Rheumatoid Arthritis

Microbiome

  • “colonization of particular intestinal bacteria was sufficient to induce arthritis.” [2016]
  • “A growing number of microbiota constituents such as Prevotella copri, Porphyromonas gingivalis, and Collinsella have been correlated or causally related to rheumatic disease.” [2016]
  • “The results of biological research of colon microbiota of patients with rheumatoid arthritis (RA) is in article presented. The signs of III degree dysbiosis, by reducing the concentration of Bacteroides spp., Bifidobacterium spp., Lactobacillus spp. populations, typical strain E. coli. But over growth of populations Klebsiella spp., Proteus spp., Staphylococcus spp., atypical forms of E. coli, Candida spp. The scheme for the correction of the colon microflora of patients with (RA) by was proposed bifiform.

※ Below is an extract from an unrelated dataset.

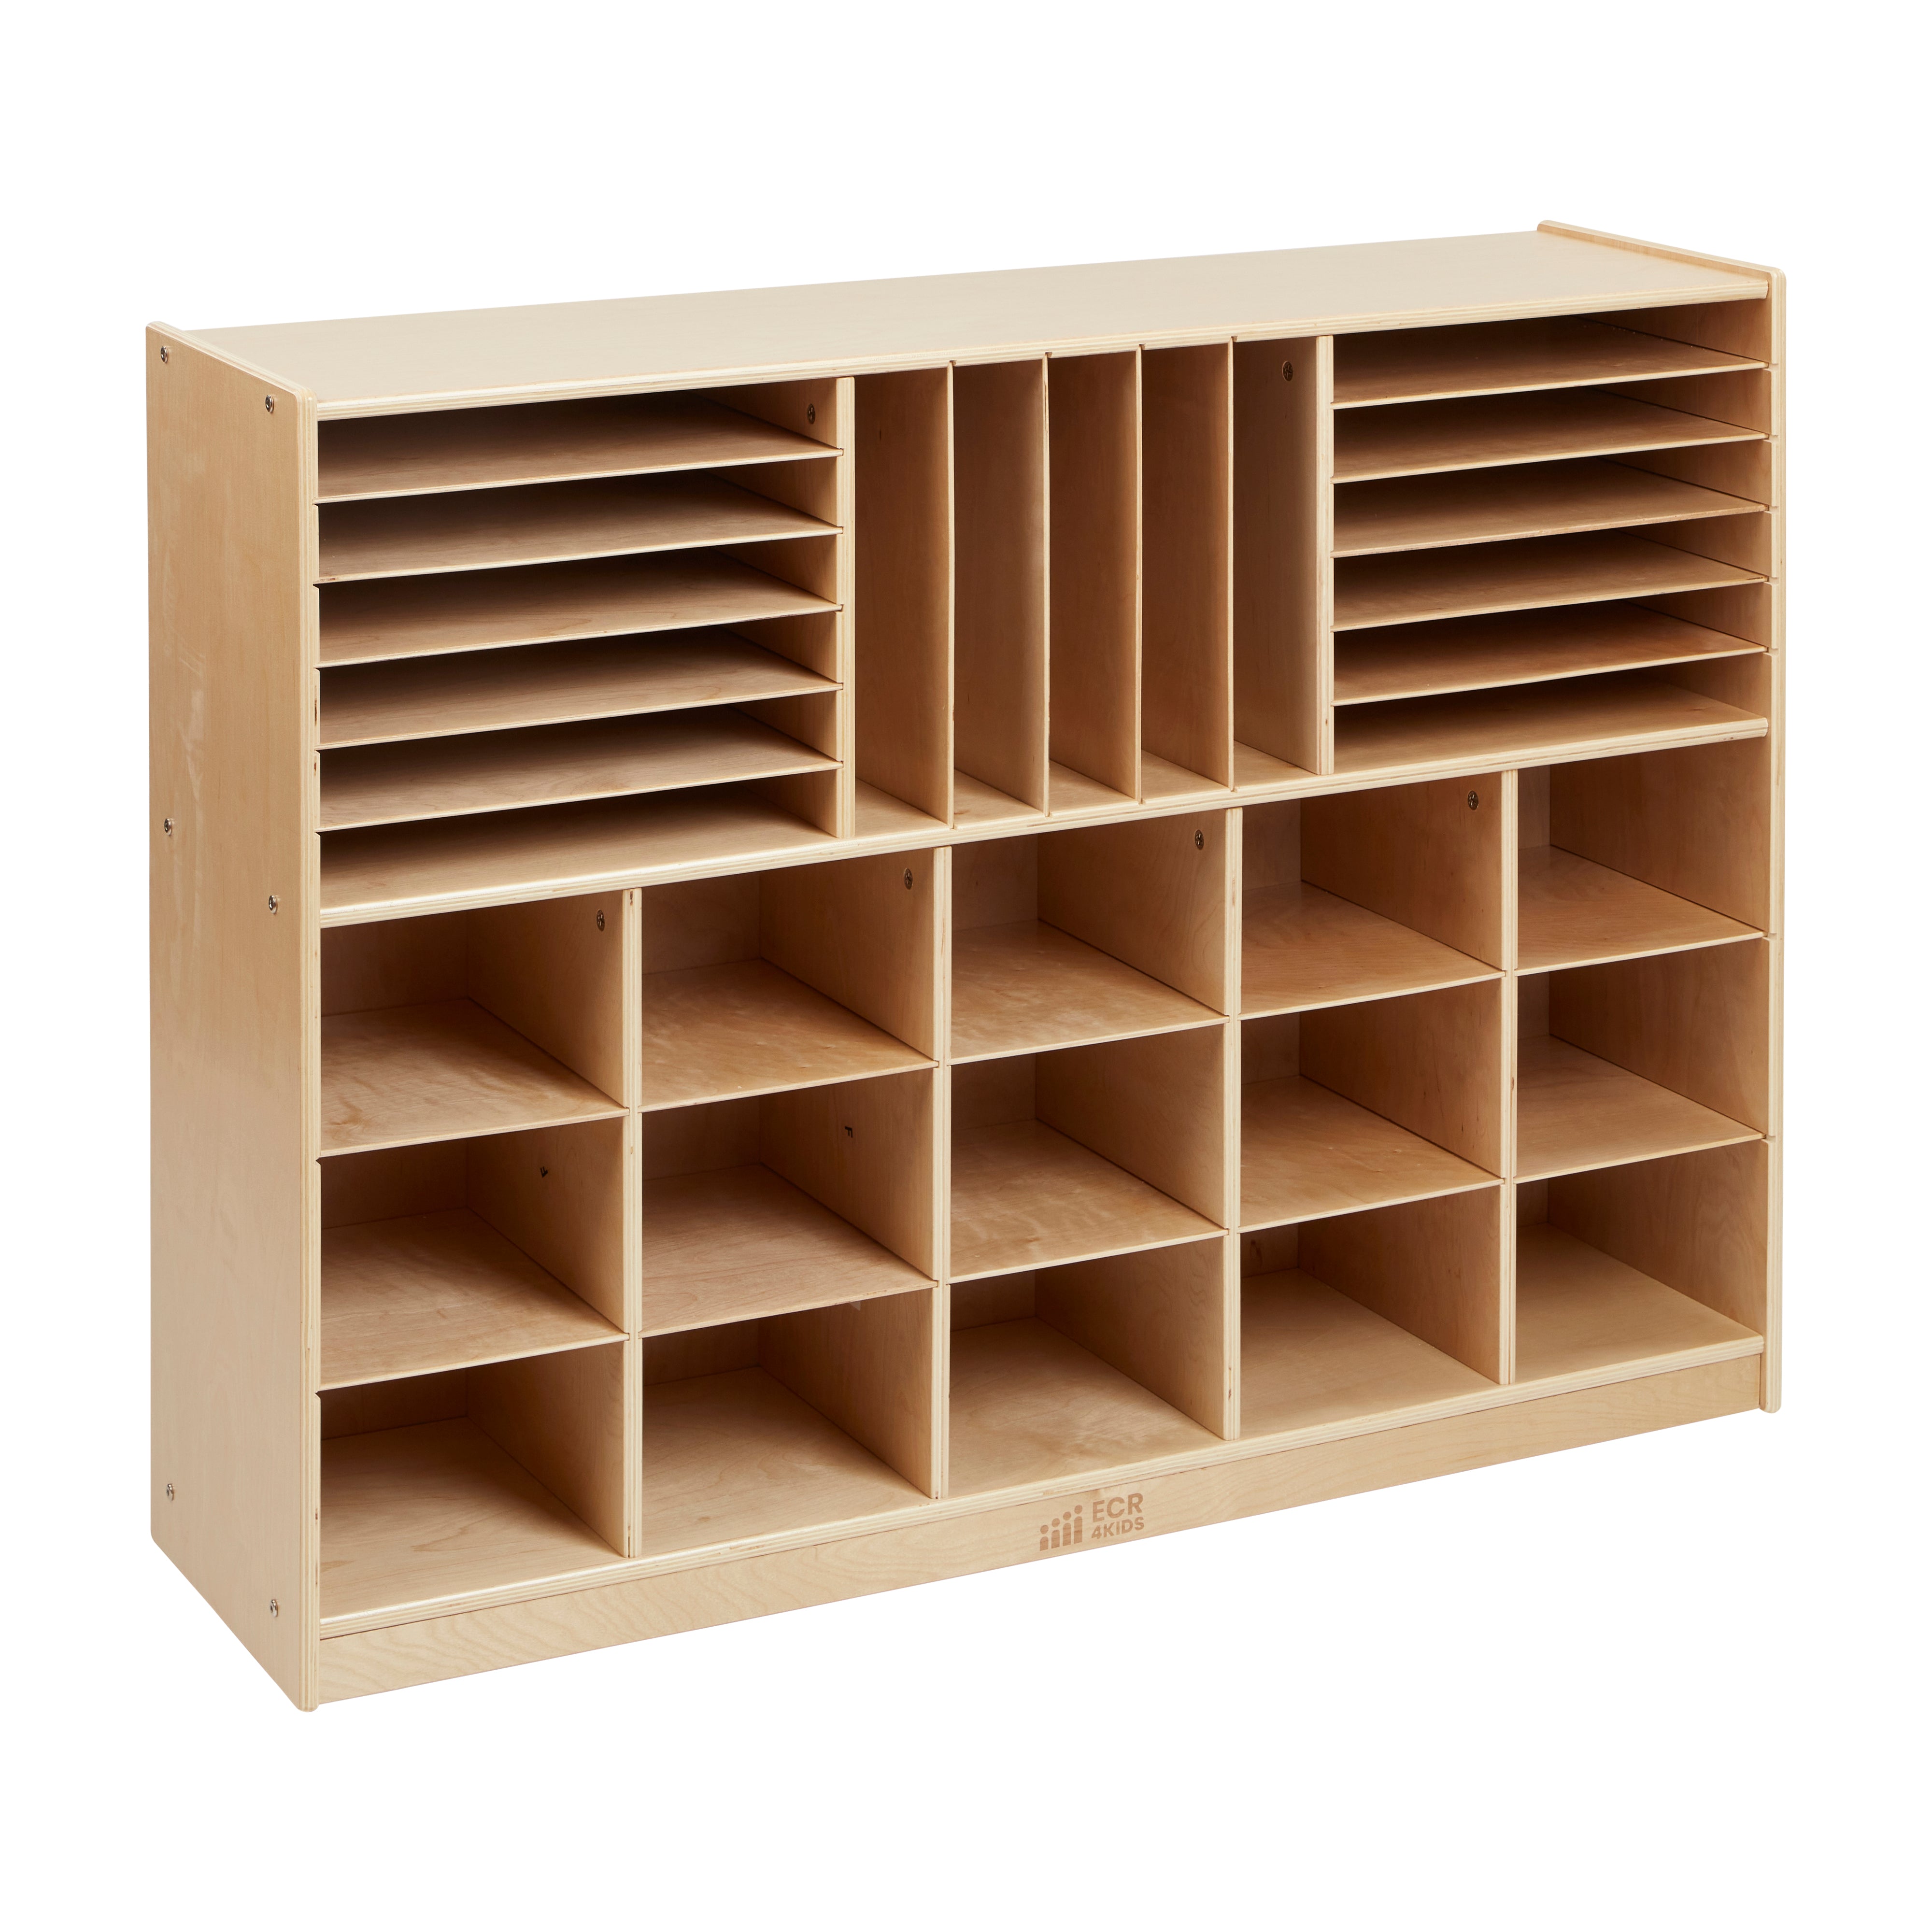 Modular Classroom Storage Cabinet - Single module with 3 large
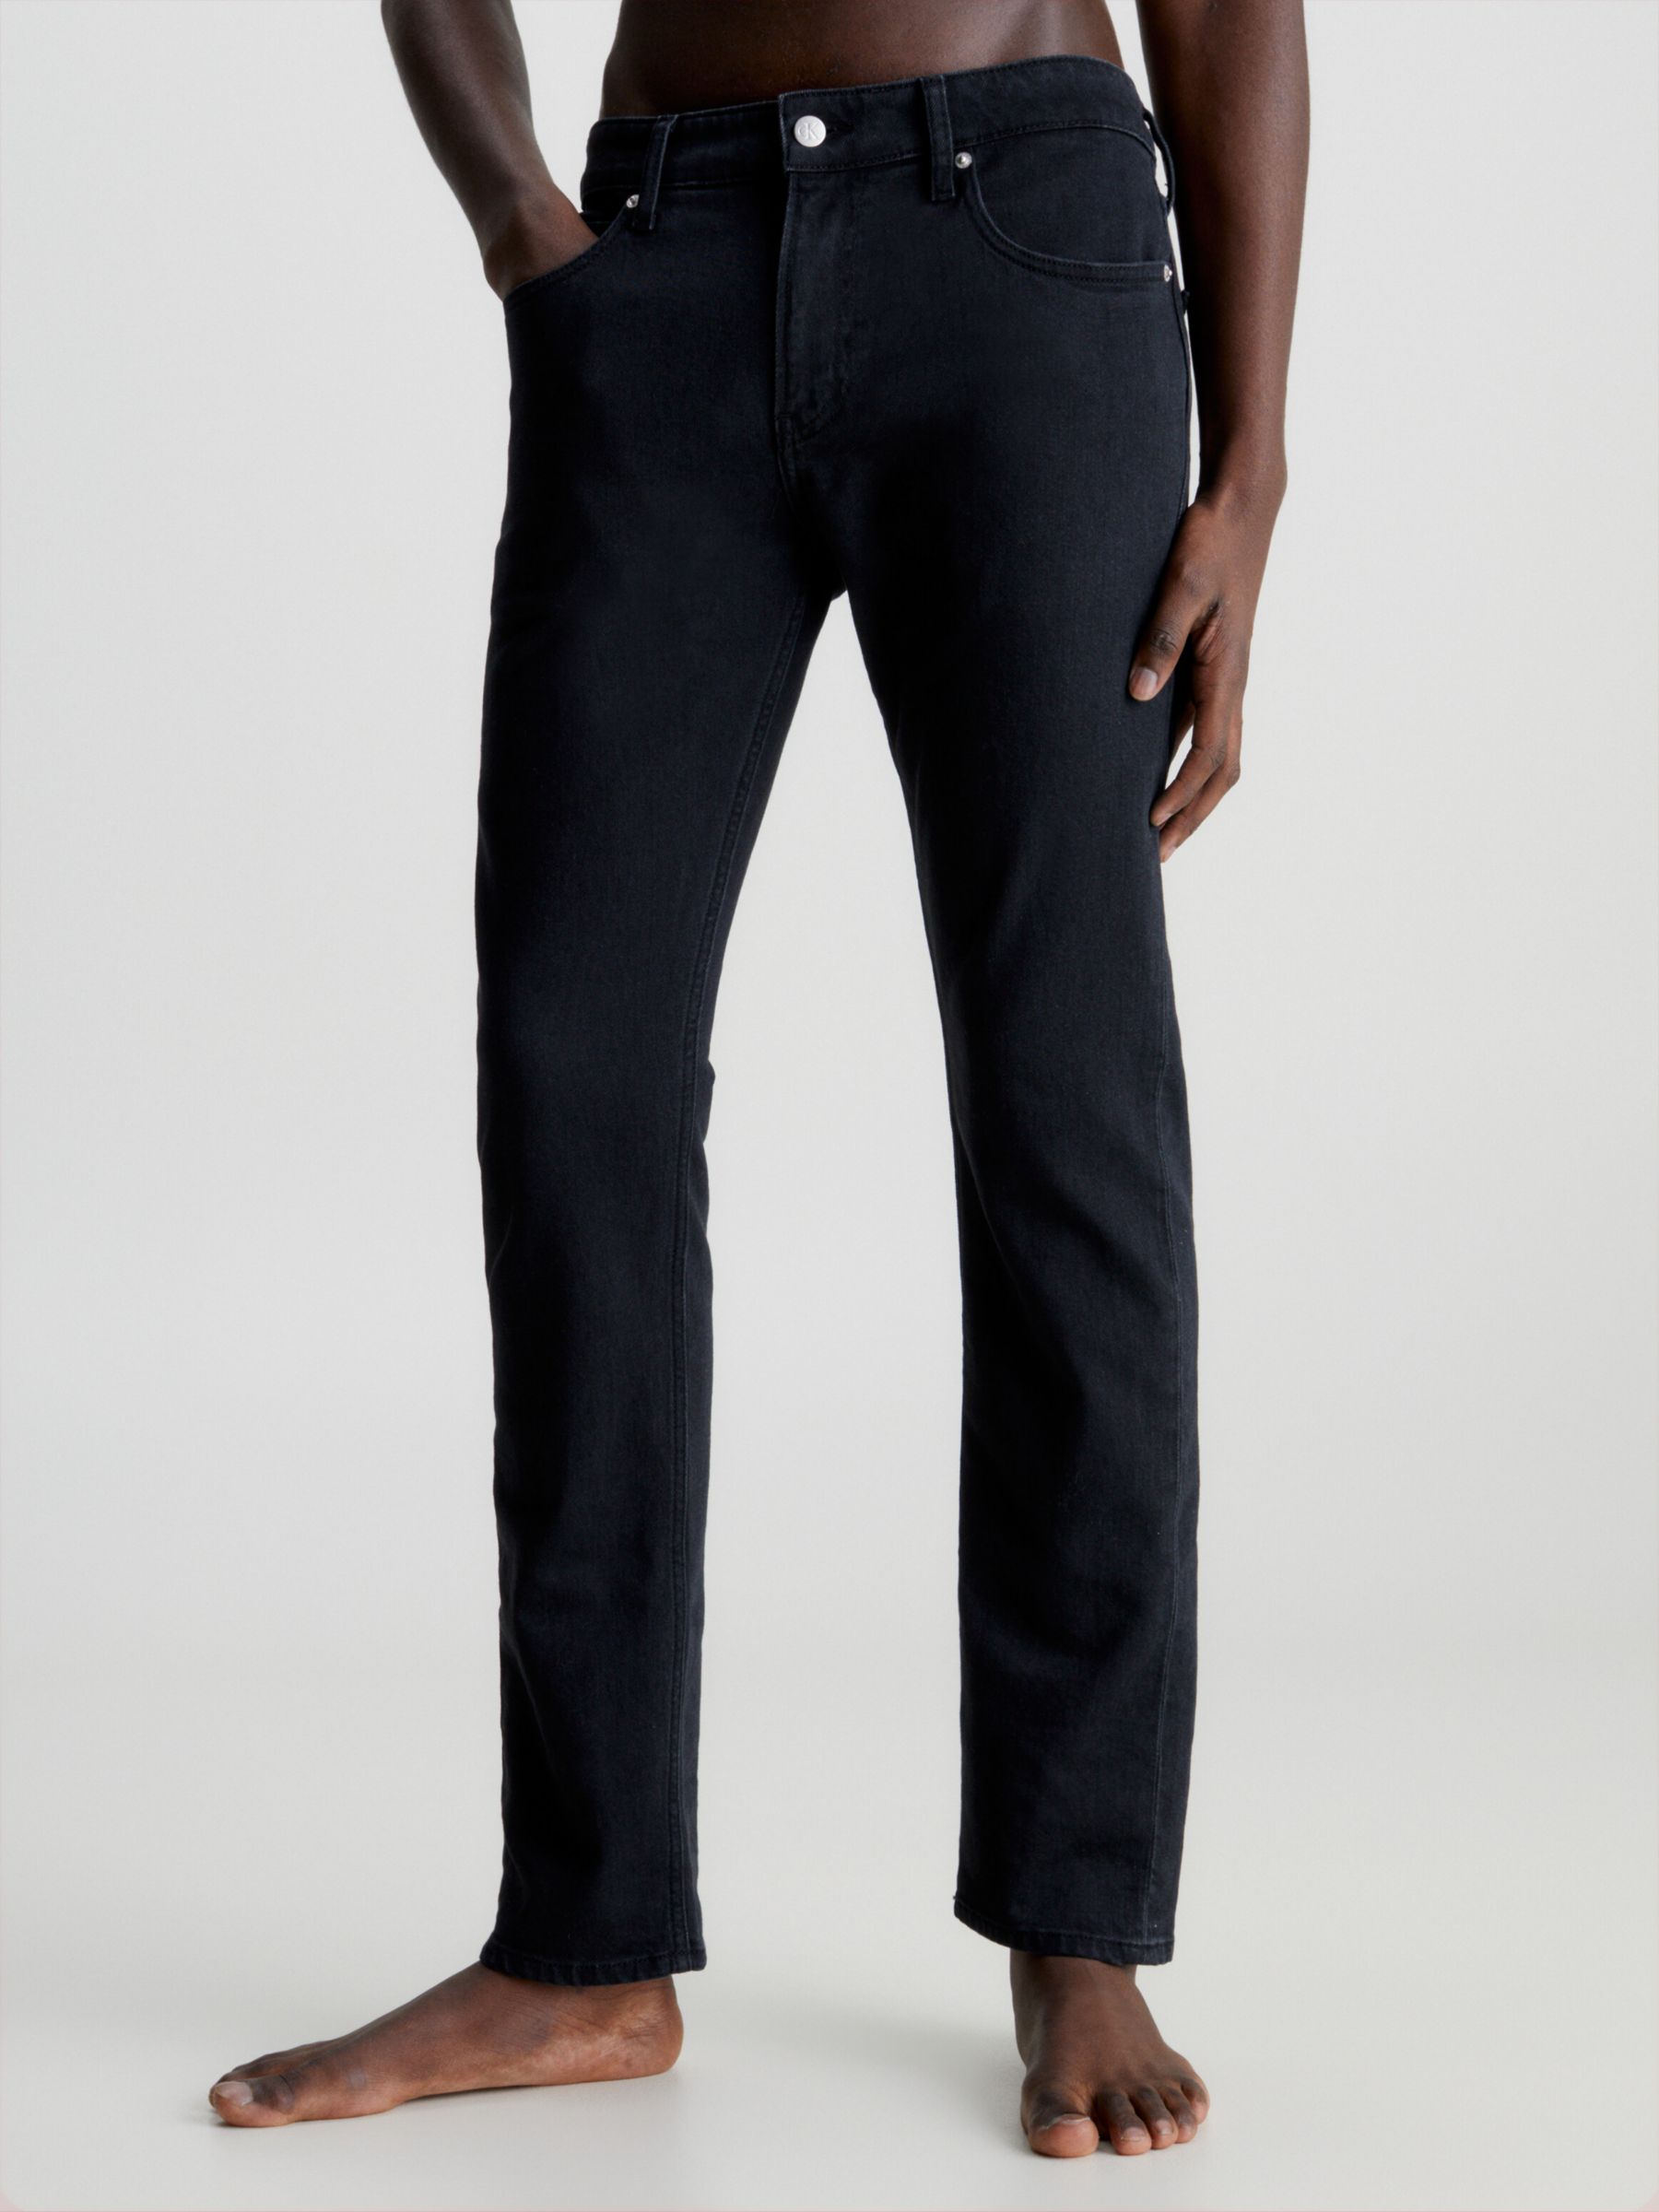 Calvin Klein Slim Fit Jeans, Denim Black, 32S

Increasing of populations concentration of Bifidobacterium spp., Bacteroides spp., Lactobacillus spp., typical E. coli, Enterococcus spp. and selective decontamination of Enterococcus (Hly+), Klebsiella spp., Proteus spp., Staphylococcus spp., lactosonegative and E.coli (Hly+) confirmed after using of this eubiotics.” [2014]
  • Treatment of adjuvant-induced arthritis with the combination of methotrexate and probiotic bacteria Escherichia coli O83 (Colinfant) [2009].
  • “Our results indicate that Enterococcus faecium may increase the preventive effect of methotrexate treatment in rat adjuvant arthritis by improving its anti-inflammatory and antiarthritic effects.” [2005]
  • ” A growing body of evidence has shed light on the association of dysbiosis of gut microbiota with RA. Certain gut microbial strains have been shown to inhibit or attenuate immune responses in RA experimental models, suggesting that specific species among intestinal commensal bacteria may play either a pathogenic or a protective role in the development of RA.” [2016]
  • “Patients with RA exhibited decreased gut microbial diversity compared with controls, which correlated with disease duration and autoantibody levels.A taxon-level analysis suggested an expansion of rare taxa, Actinobacteria,…The abundance of Collinsella correlated strongly with high levels of alpha-aminoadipic acid and asparagine as well as production of the proinflammatory cytokine IL-17A.  A role for Collinsella in altering gut permeability and disease severity was confirmed in experimental arthritis.” [2016]
  • “A subpopulation of patients with early RA harbored intestinal microbiota dominated by Prevotella copri;” [2016]
  • “Mice susceptible to collagen-induced arthritis (CIA) showed enriched operational taxonomic units (OTUs) affiliated with the genus Lactobacillus as the dominant genus prior to arthritis onset. With disease development, the abundance of OTUs affiliated with the families Bacteroidaceae, Lachnospiraceae, and S24-7 increased significantly in CIA-susceptible mice….Due to the extreme complexity and diversity of the gut microbiome, it is unlikely that differences in the abundance of a single species are responsible for differences in RA susceptibility. Rather, these differences most likely result from context-dependent interactions among the multiple species constituting the gut microbiota.” [2016]
  • “The results of this study indicate that the oral intake of probiotic B. coagulans and prebiotic inulin can improve the biochemical and clinical parameters of induced RA in rat.” [2016] [2010]
  • Conclusion: Lactobacillus casei 01 could not improve serum lipids in RA patients.” [2017]
  • probiotics — Lactobacillus rhamnosus GR-1 and Lactobacillus reuteri RC-14 capsules administered orally.  — did not clinically improve RA as measured by the ACR20,”
  • “Subjects who received probiotic capsules – Lactobacillus acidophilus (2 × 10(9) colony-forming units [CFU]/g), Lactobacillus casei (2 × 10(9) CFU/g) and Bifidobacterium bifidum (2 × 10(9) CFU/g) for 8 weeks. —  experienced borderline statistically significant improvement in total- (P = 0.09)” [2016]
  • “there were no statistical significant differences in the activity of RA, more subjects in the Lactobacillus rhamnosus GG (LGG) group reported subjective well being.” [2003]

DNA / SNP

Bottom Line

The over abundance of Lactobacillus immediately before onset, and no really significant results from any Lactobacillus probiotics strongly suggests that all Lactobacillus probiotics should be avoided.

E.Coli probiotics [Colinfant, Symbioflor-2, Mutaflor] and Bacillus probiotics are what studies suggest are most likely to help. Second line would be: Bifidobacterium spp., Bacteroides spp., Enterococcus spp.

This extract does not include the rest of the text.